Category : Assembly Language Source Code
Archive   : ASSEMBLE.ZIP
Filename : CHASM.DOC
Output of file : CHASM.DOC contained in archive : ASSEMBLE.ZIP
(tm)
CHASM
Cheap Assembler
for the IBM Personal Computer
(1983) by David Whitman
Version 1.9
1
Table of Contents
Why Chasm?...........................................2
What can Chasm do?...................................3
What WON'T it do?....................................3
Syntax...............................................4
Operands.............................................6
Resolution of Ambiguities...........................10
Pseudo-Operations...................................13
Outside the Program Segment.........................16
Running Chasm.......................................18
Error and Diagnostic Messages.......................20
Execution of Assembled Programs.....................23
Notes for Those Upgrading to This Version of Chasm..26
Miscellaneous and A Word From Our Sponsor...........28
2
I. Why Chasm?
Why go to the trouble to write an assembler, when
one already exists? The IBM Macro Assembler is a very
powerful software tool available off the shelf. It
supports features such as macros, definition of
multiple segments, and linking to external procedures.
Unfortunately, all of this power doesn't fit into a
64K machine, and even when using the small subset
version, 64K users are limited by memory to only very
small programs. The macro assembler is also very
complex, hard to understand, and costs a hundred bucks.

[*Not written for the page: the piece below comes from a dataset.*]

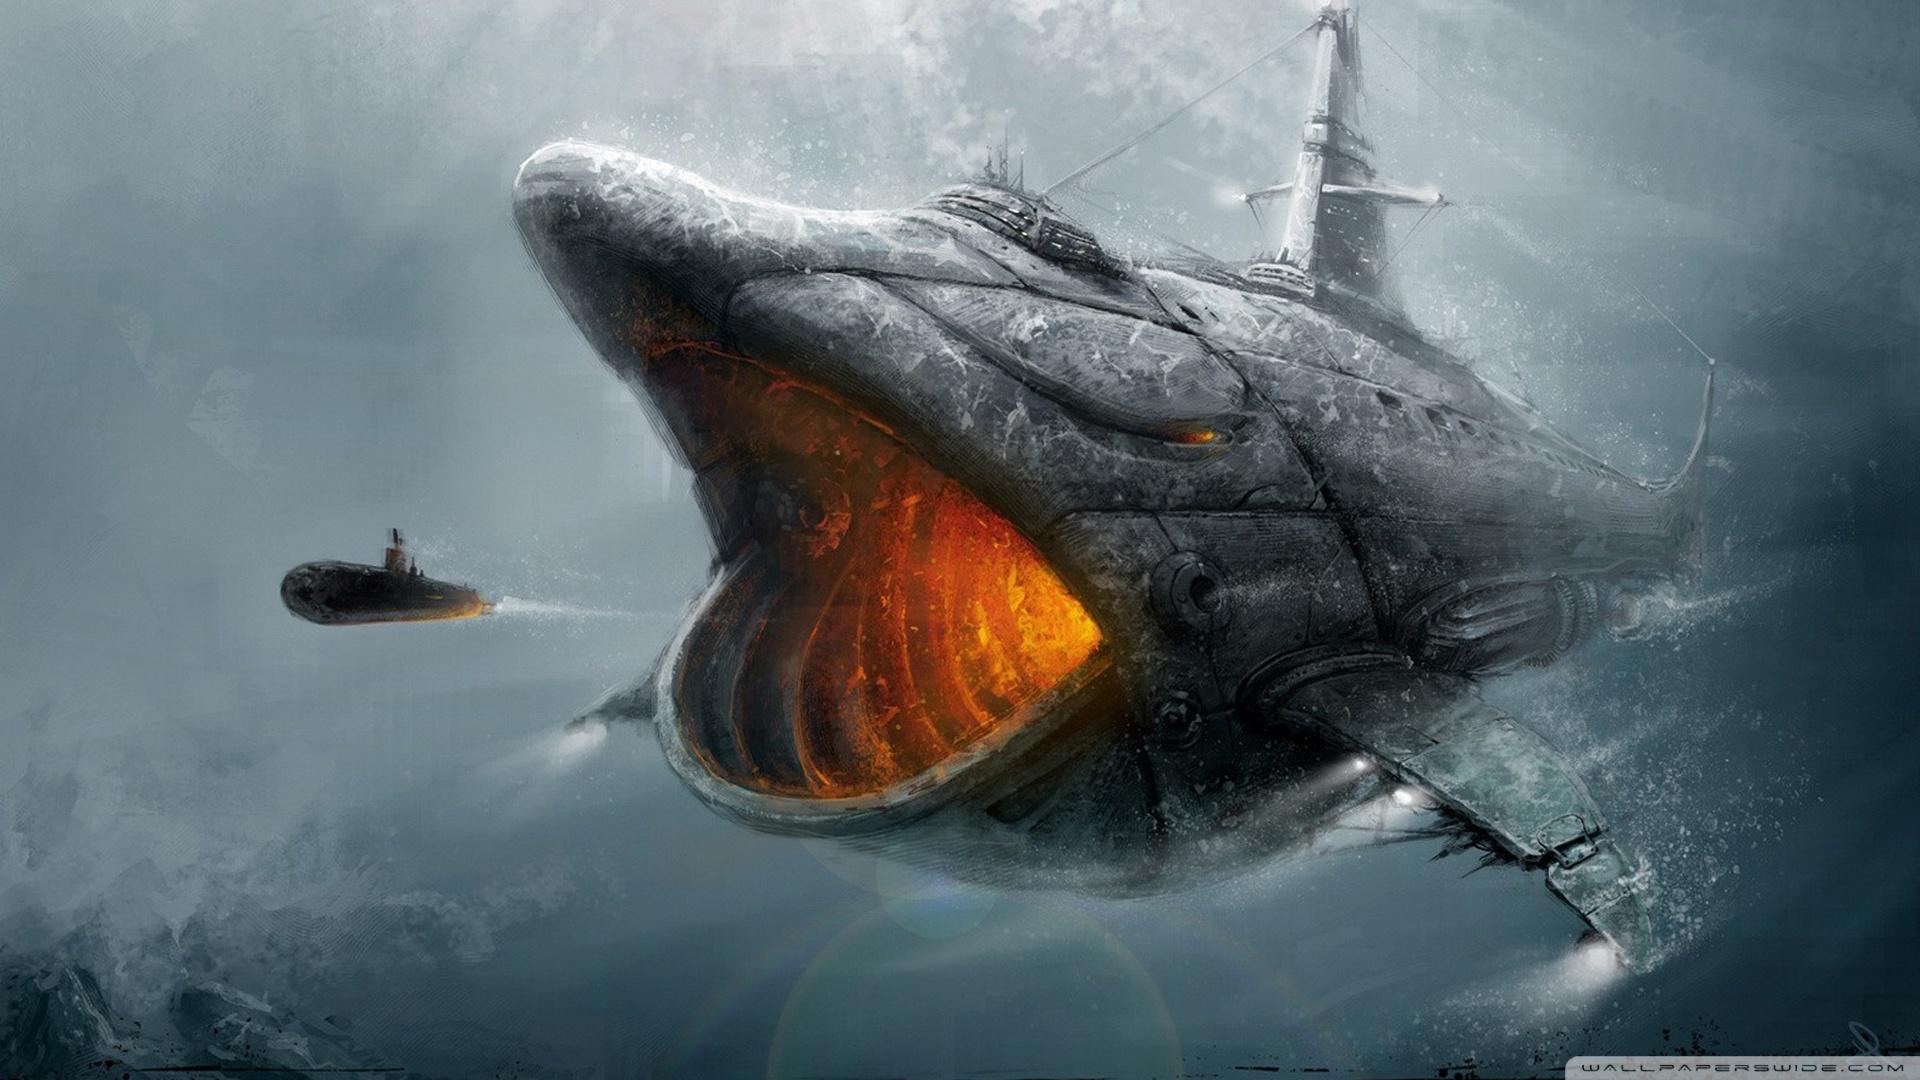 Fish Submarine Wallpaper 1920x1080 Fish Submarine 1920x1080

Even though the price of memory keeps dropping, I
suspect that the majority of the IBM PC's out there have
no more than 64K installed. Also, I suspect that most
end-user assembly language programmers are like myself,
and are not interested in writing huge, complicated
programs in assembler. I want to write short
subroutines to call from BASIC, small patches to
existing assembler programs (such as DOS), and perhaps
some games. For such uses, I think the combination of
the Macro Assembler and a tub full of extra memory
represents an incredible overkill. Chasm is, I hope, a
more reasonable compromise between power and
accessability (both in cost and complexity).
3
II. What can Chasm do?
Chasm takes a text file, consisting of mnemonics,
user-defined symbols, numbers, and pseudo-ops, and
produces a file of corresponding machine language for
the 8088 processor. Chasm allows you to define labels
for branching, rather than requiring you to figure out
offsets or addresses to jump to. It allows you to
represent with a name any constants you want to use,
making your programs easier to understand. Most
importantly, it translates mnemonics to their machine
language equivalents freeing you from the task of hand
translation.
III. What WON'T it do?
In the interest of simplicity, Chasm has a number
of restrictions:
1. Statement syntax is not quite as free as in the
macro assembler.
2. The number of pseudo-ops is severely cut down
from the macro assembler.
3. Macros are not supported. (Note that the IBM
assembler doesn't support macros in systems
smaller than 96K)
4. Expressions (such as BUFFER - 2 ) are not
supported, at least in version 1.0.
5. Multiple segment definitions are not allowed, at
least in version 1.0. Chasm assumes that your
entire program fits in one segment, that the cs,
ds, and es registers all point to this same
segment, and that the ss register points to a
valid stack area.
6. External linking is not supported, at least in
version 1.0.
4
IV. Syntax
Chasm accepts a standard DOS text file for input. Lines
may be any combination of upper and lower case
characters. Chasm does not distinguish between the two
cases: everything except single quoted strings are
automatically converted to upper case during the
parsing process. Thus, BUFFER, Buffer, buffer, and
bUFFer all refer to the same symbol.
The characters blank ( ) , comma (,), single quote (')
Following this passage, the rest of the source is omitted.